JORNAL DE NOTÍCİAS (Portekiz)
Yeni çözümler için beyhude bekleyiş
Jornal de Notícias, AB’nin göç politikasında ilerleme kaydedememesini eleştiriyor:
”Yıllarca süren başarısız müzakereler, tıkanan yollar ve blokajların ardından Avrupa Komisyonu, Eylül 2020’de öngörülebilir ve güvenilir müşterek bir çerçeve oluşturması hedefiyle yeni bir göç ve iltica anlaşması teklifi sundu. O günden bu yana iki yıldan fazla bir zaman geçti ve plan hâlâ kabul edilmiş değil. Uygulamaya geçmek yerine, Avrupa’nın dış sınırlarına duvarlar inşa edilip edilmeyeceği ve bu duvarların kimler tarafından finanse edileceği konusunda yeni bir tartışma başlatıldı. … Başka bir deyişle, bu mesele tehlikeli bir U dönüş ve Avrupa fikrinde bir gerileme anlamına geliyor.”

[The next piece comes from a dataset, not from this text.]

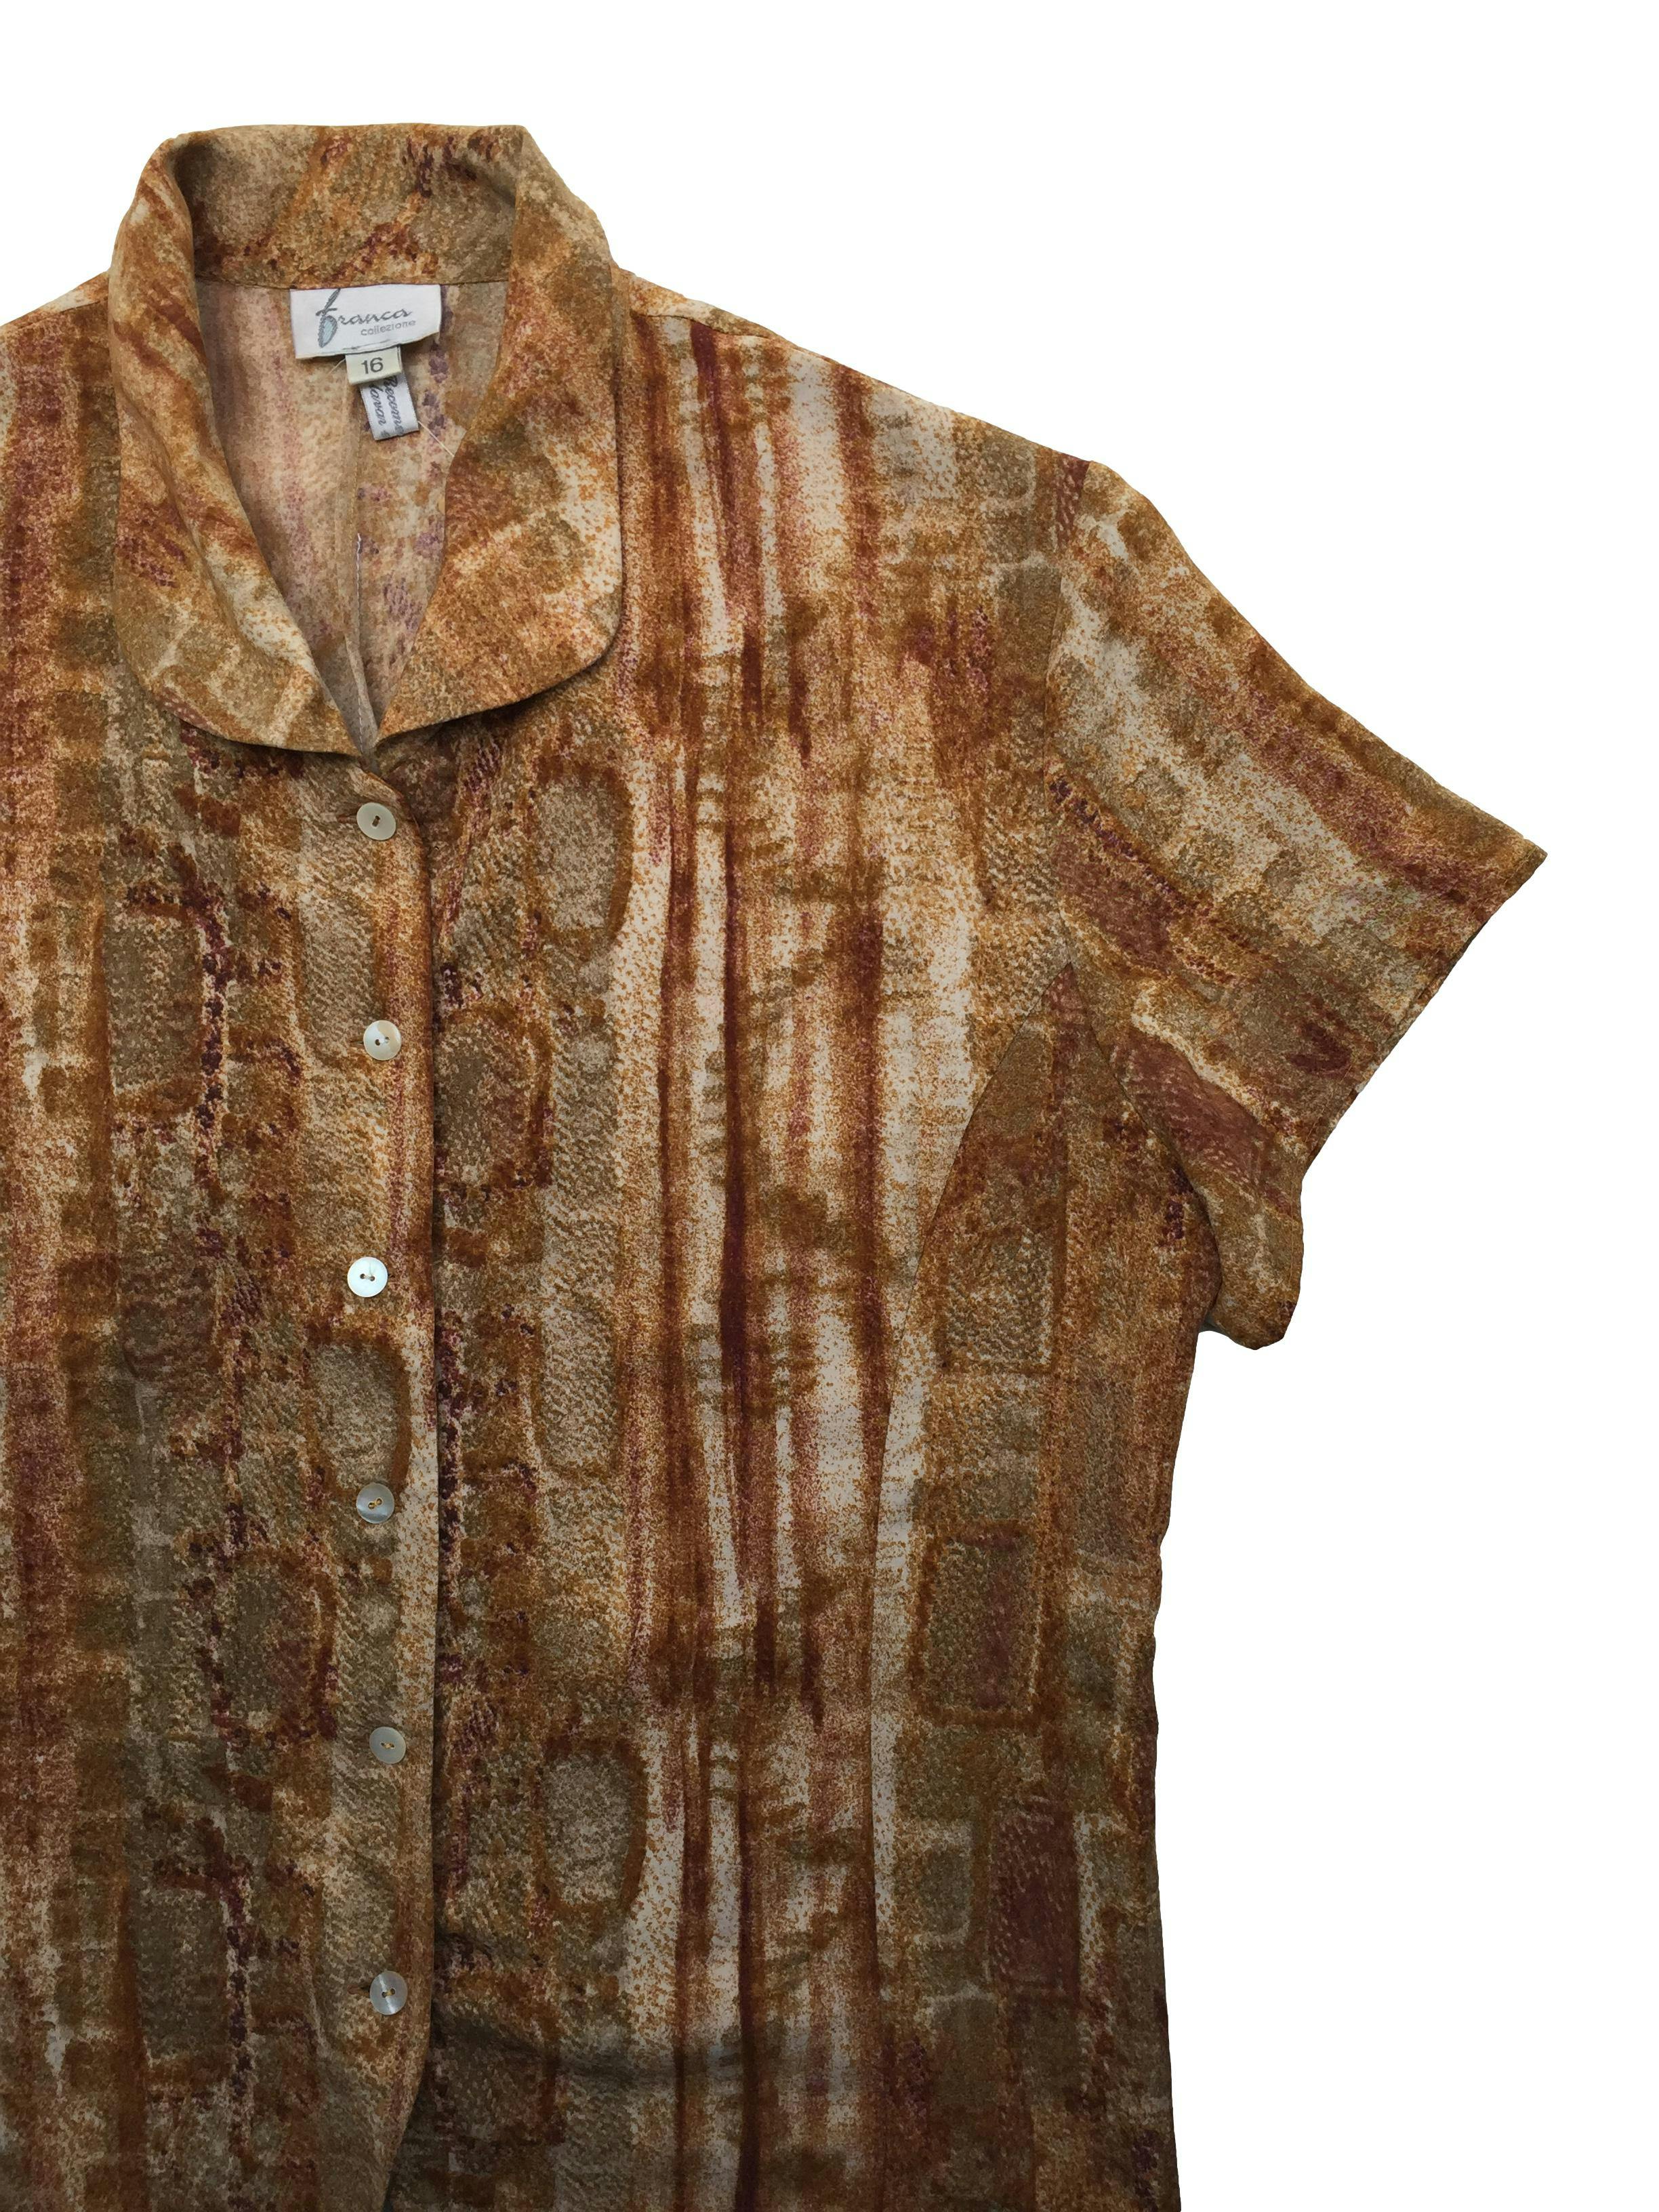 Blusa vintage con estampado abstracto en tonos ocre y botones nacarados, tela muy suave al tacto. Busto 110cm, Largo 56cm.

THE INDEPENDENT (İngiltere)
Kimse yasadışı değildir
The Independent, koruma arayan insanlar hakkında söylenenlere öfkeli:
”Avrupa İnsan Hakları Sözleşmesi’ne imza atan ve iltica ve sığınma başvurusunda bulunmanın evrensel bir insan hakkı olarak görüldüğü ülkelerde ‘yasadışı göçmen’ diye bir şey olmadığı unutulmamalı. Durum bu kadar basit. Başvuruları reddedilse dahi insanlık dışı ‘yasadışı’ damgasından daha iyisini hak eden insanlar bunlar. Emek göçü söz konusu olduğunda ise onların emeğine acilen ihtiyaç duyulduğunu belirtmekte fayda var.”

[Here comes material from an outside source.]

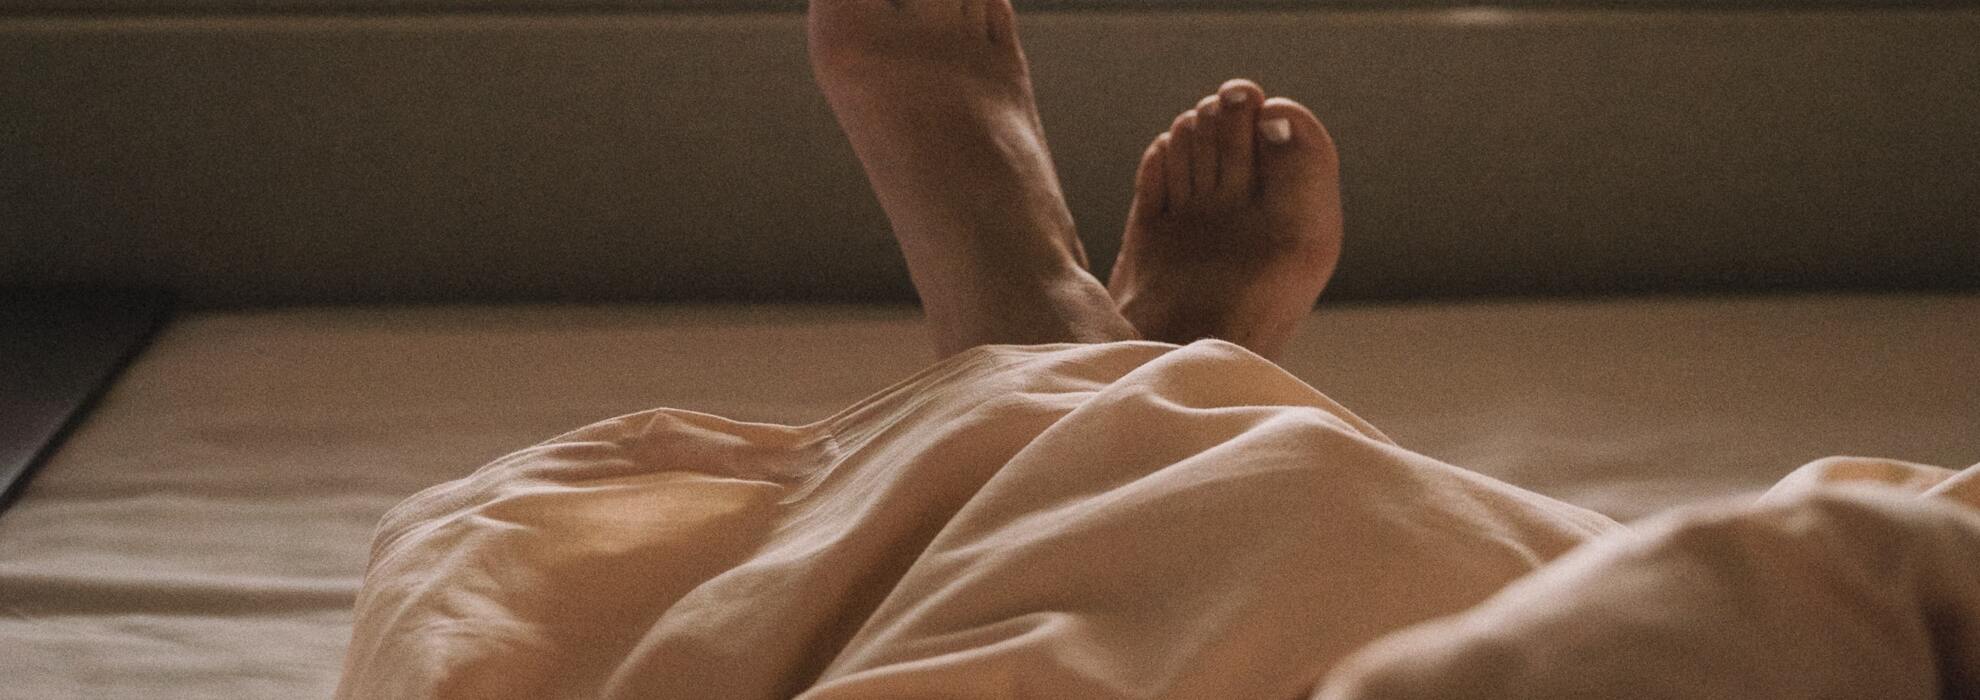 Fötter i säng

WİENER ZEİTUNG (Avusturya)
Hayat kurtarmak görevdir
Wiener Zeitung, deniz kurtarmanın artık herkesin meselesi olmasını istiyor:
”Bu ve benzer facia haberleri, son on yıldır ürkütücü bir sıklıkla manşetlere konu oluyor. Bu sorunu hızlı ve kolay bir şekilde bertaraf edebilecek basit çözümlerin olmaması da aynı derecede sinir bozuyor. Batı’da, liberal bir göç ve iltica politikası uygulayabilmek için siyasi bir çoğunluk mevcut değil. … Hayat kurtarma görevinde kararsızlığa yer olamaz. Devletler bu işi sivillere devredemez. Dolayısıyla, deniz kurtarma meselesinin devletler tarafından ve AB’nin yardımıyla organize edilmesi gerektiğine dair söylenecek çok şey var.”
LA REPUBBLİCA (İtalya)
Sanki bilmiyormuşuz gibi
La Repubblica, bu faciadan daha geçen hafta sivil deniz kurtarma ekiplerinin işini zorlaştıran bir yasayı yürürlüğe koyan İtalyan hükümeti sorumludur, diyor öfkeyle:
”Dünkü ölümler, bizi en azından sarsmalı ve hepimizin insanlık dışı güçlerin dikte ettiği politikalarla mücadele etmesini sağlamalı: Bunu deniz kurtarmayı engellemek amacıyla çıkarılan utanç verici kararnamelere karşı durmak için yapmalıyız. Bunu İtalyanlar olarak, sonu gelmeyen katliamlara tanıklık eden insanlar olarak yapmalıyız. Facianın bir doğal afet olmadığını, aptalca kararların sonucu gerçekleştiğini haykırmak için daha ne yaşanması gerekiyor? ‘Hiçbir şeyi bilmiyordum’ dememek için daha kaç kişinin ölmesi gerekiyor? … Her şeyi biliyoruz, hem de çok iyi biliyoruz.”
SÜDDEUTSCHE ZEİTUNG (Almanya)
İnsanları kurtaranlara iftira atılıyor
Süddeutsche Zeitung İtalya muhabiri Oliver Meiler, İtalyan hükümetinin deniz kurtarma ekiplerini kriminalize ve taciz etmesine kızıyor:
”Sağcılar, göçmenlerin sivil toplum kuruluşları tarafından kurtarılacaklarını bildikleri için botları terk etmediklerini iddia ediyor. Ancak bu bakış açısı, yaşamlar üzerine kumar oynamaktan başka bir şey değil. Hayır, bu insanlar daha iyi, daha onurlu ve daha güvenli bir yaşama yönelik o denli büyük bir arzuya sahip ki, ciddi tehlikelerine rağmen denize açılmayı göze alabiliyorlar. İhtiyaç duydukları anda onları kurtarabilecek birkaç gönüllüyü engellemek çok zalimce bir tutum değil mi?”